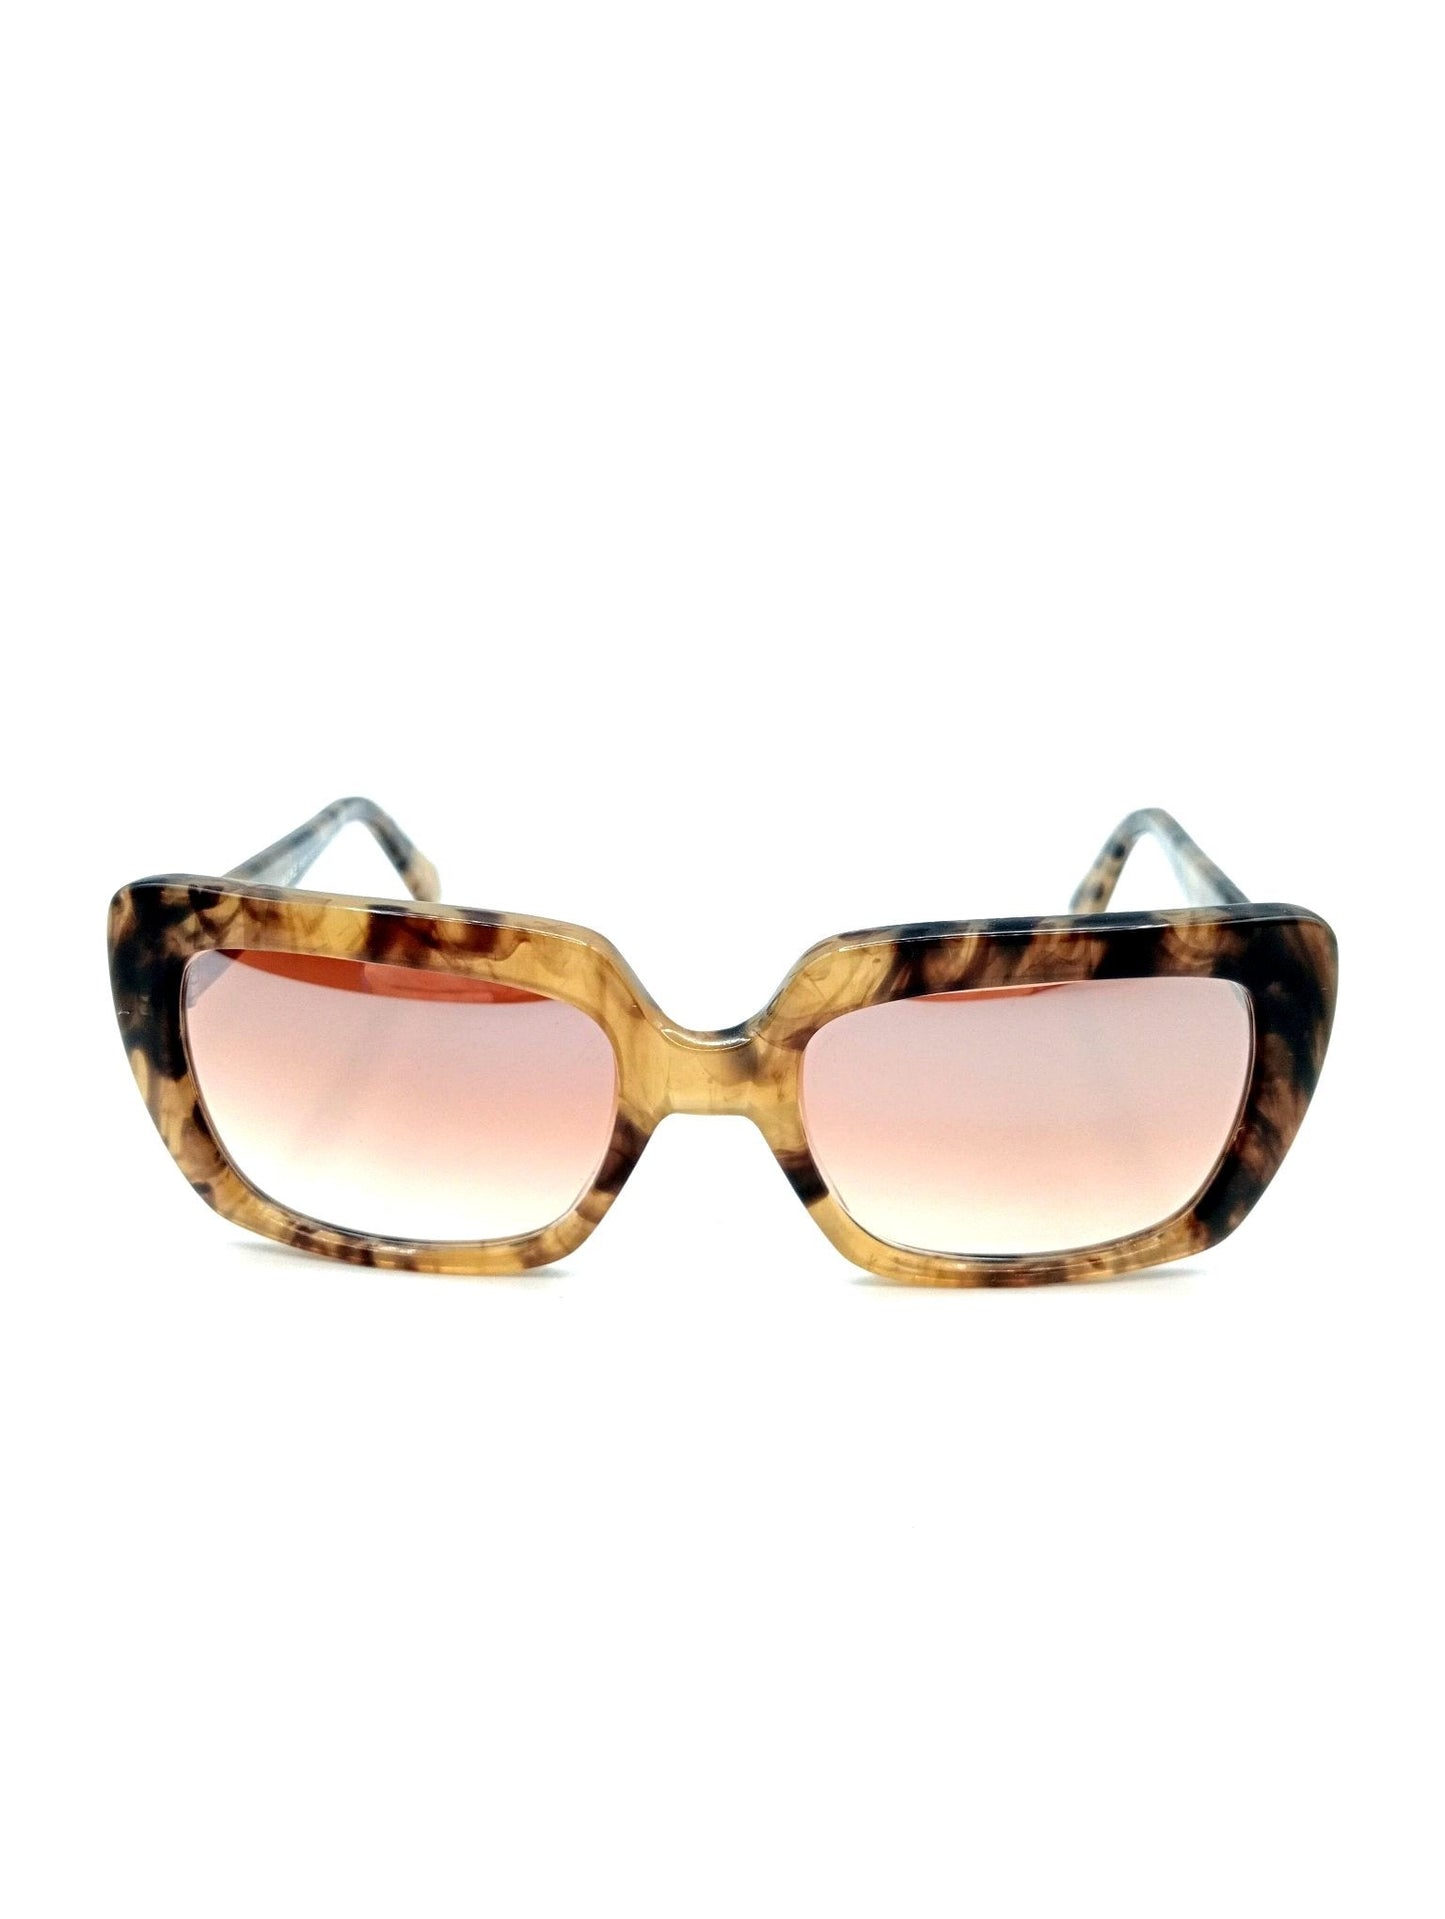 Vintage sunglasses for women Melanya made in Spain Qoolst
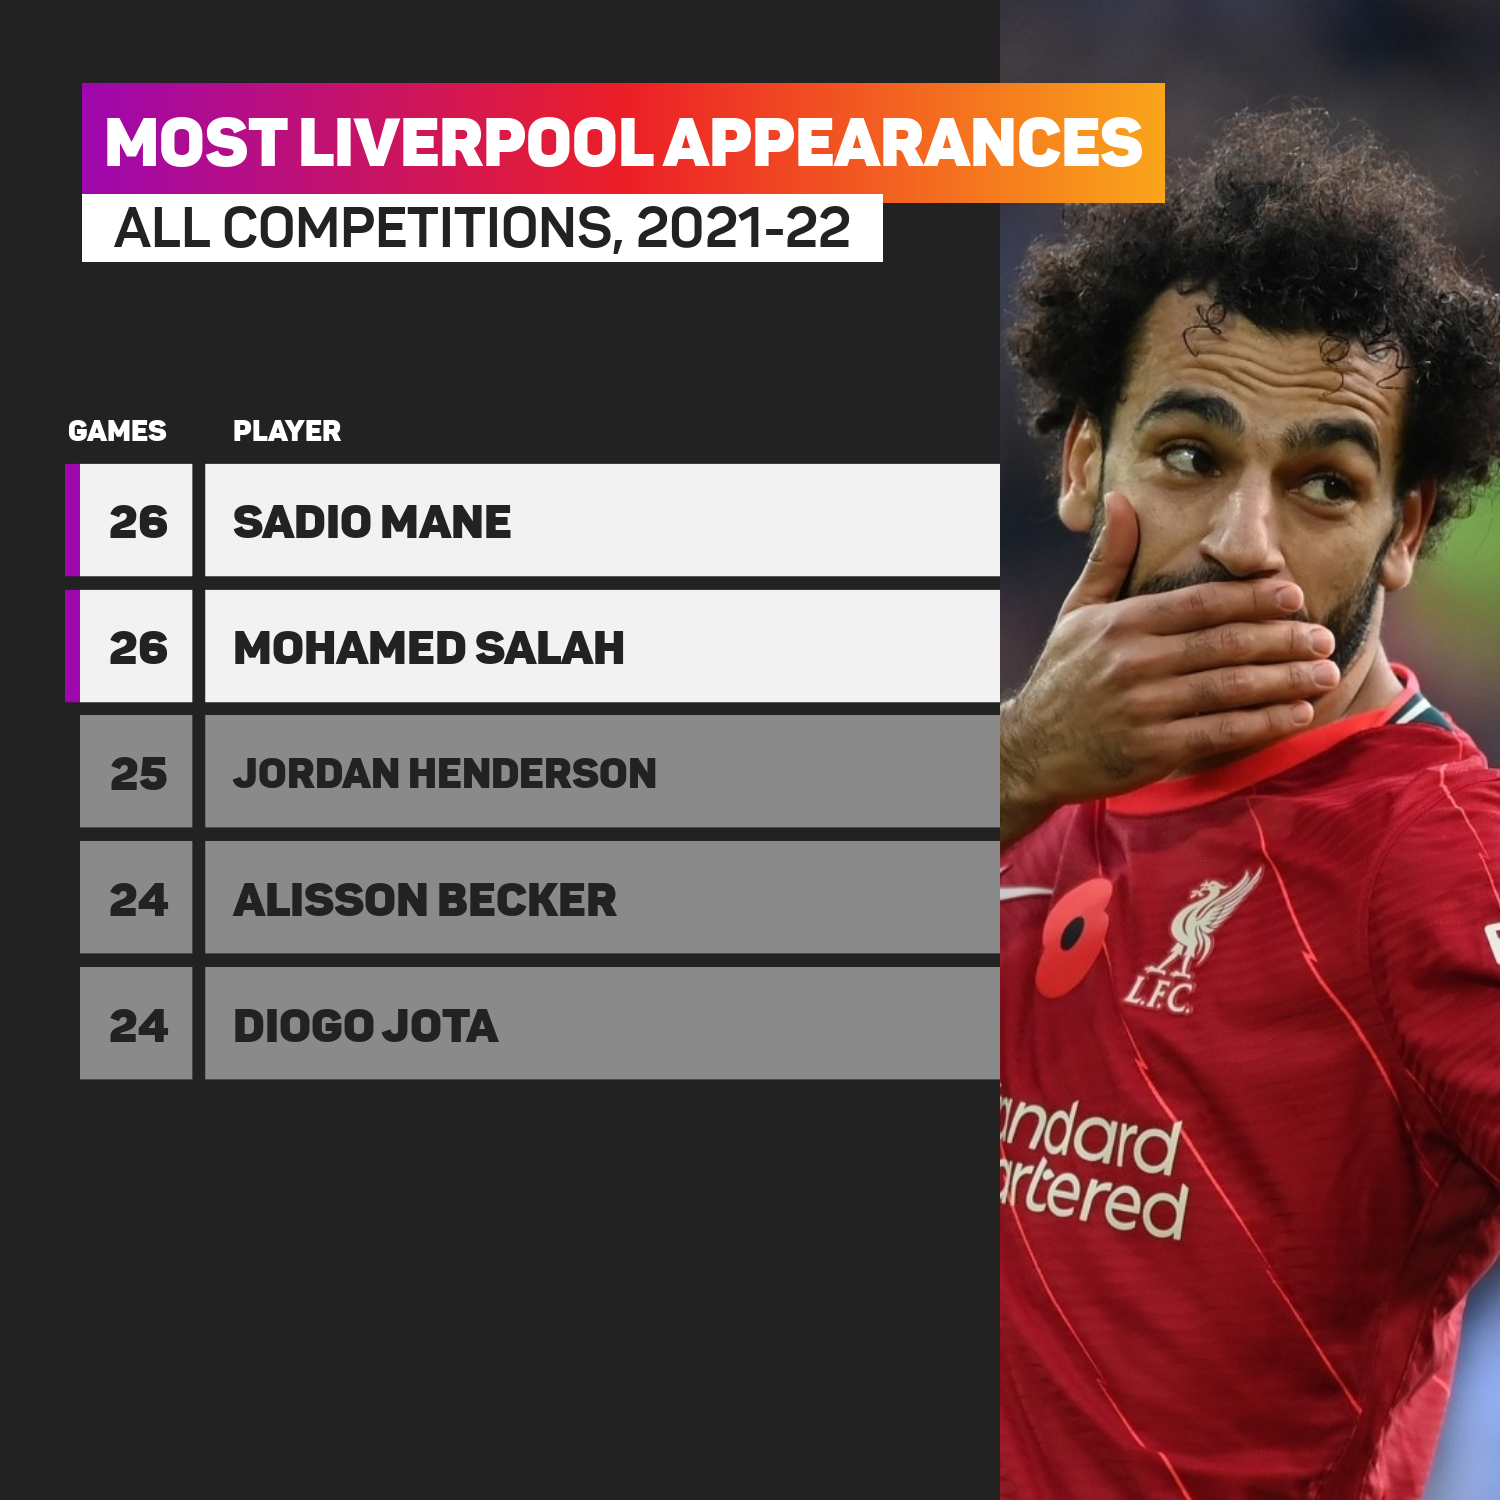 Sadio Mane and Mohamed Salah have been regulars for Liverpool this season
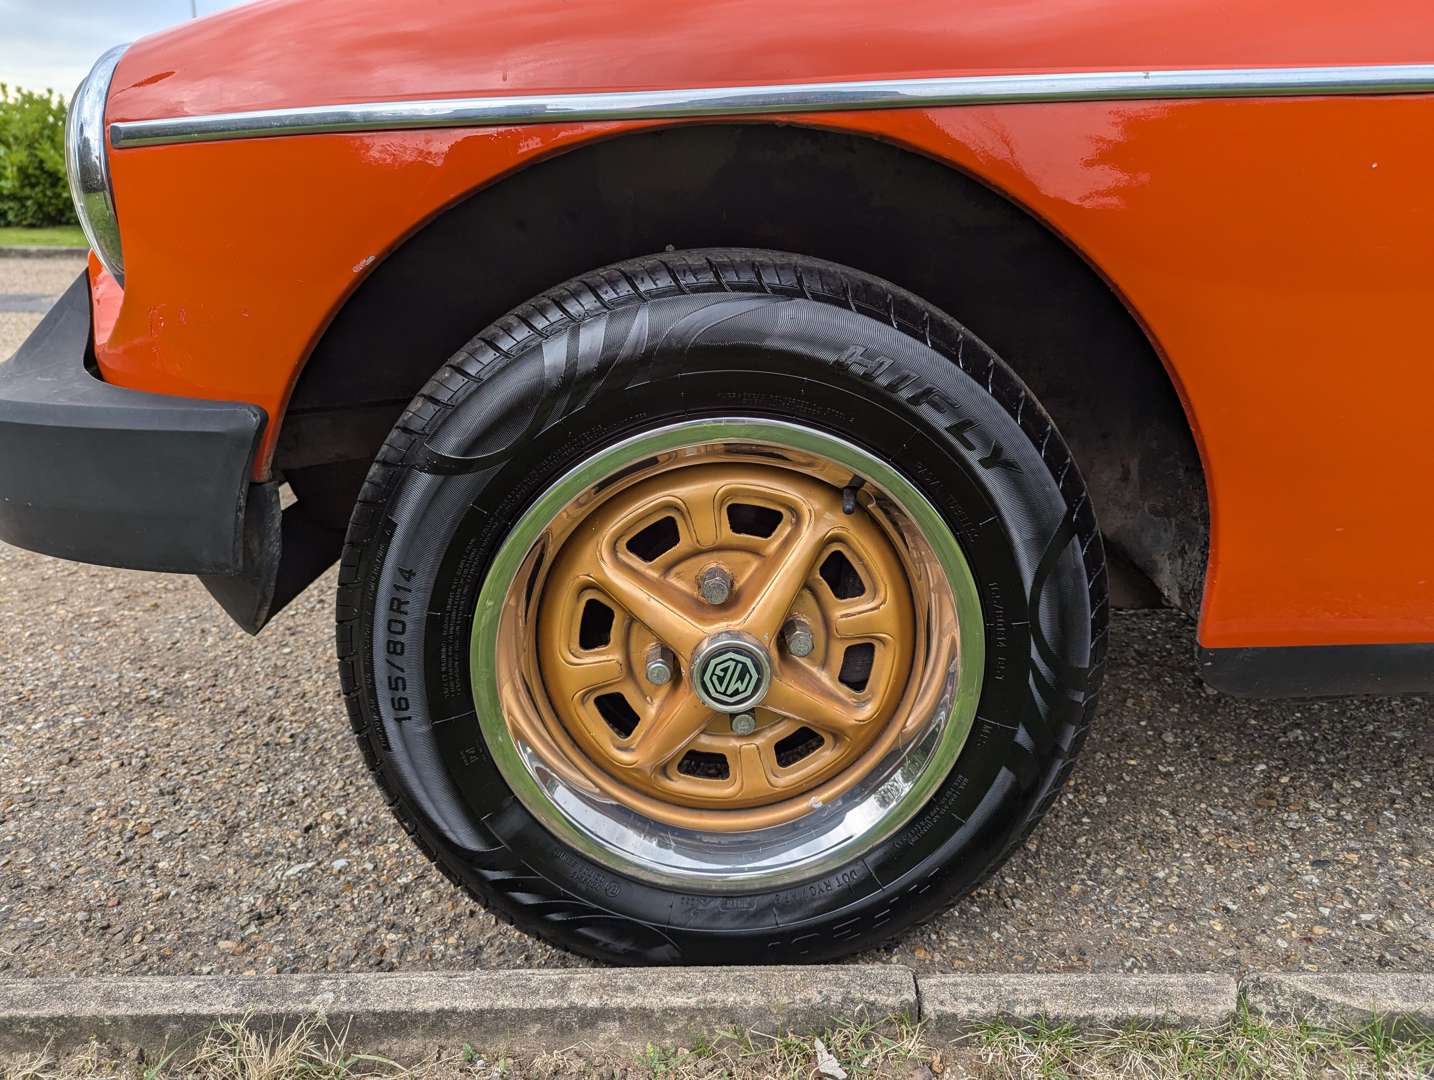 <p>1978 MG B GT&nbsp;</p>

# EXERCISE DIRECTIONS
In the copy, include no pictures, but repeat the listing exactly.

# SOLUTION FOR THIS TASK
 Vintage sunglasses for women Melanya made in Spain Qoolst
 Sadio Mane and Mohamed Salah have been regulars for Liverpool this season
 <p>1978 MG B GT&nbsp;</p>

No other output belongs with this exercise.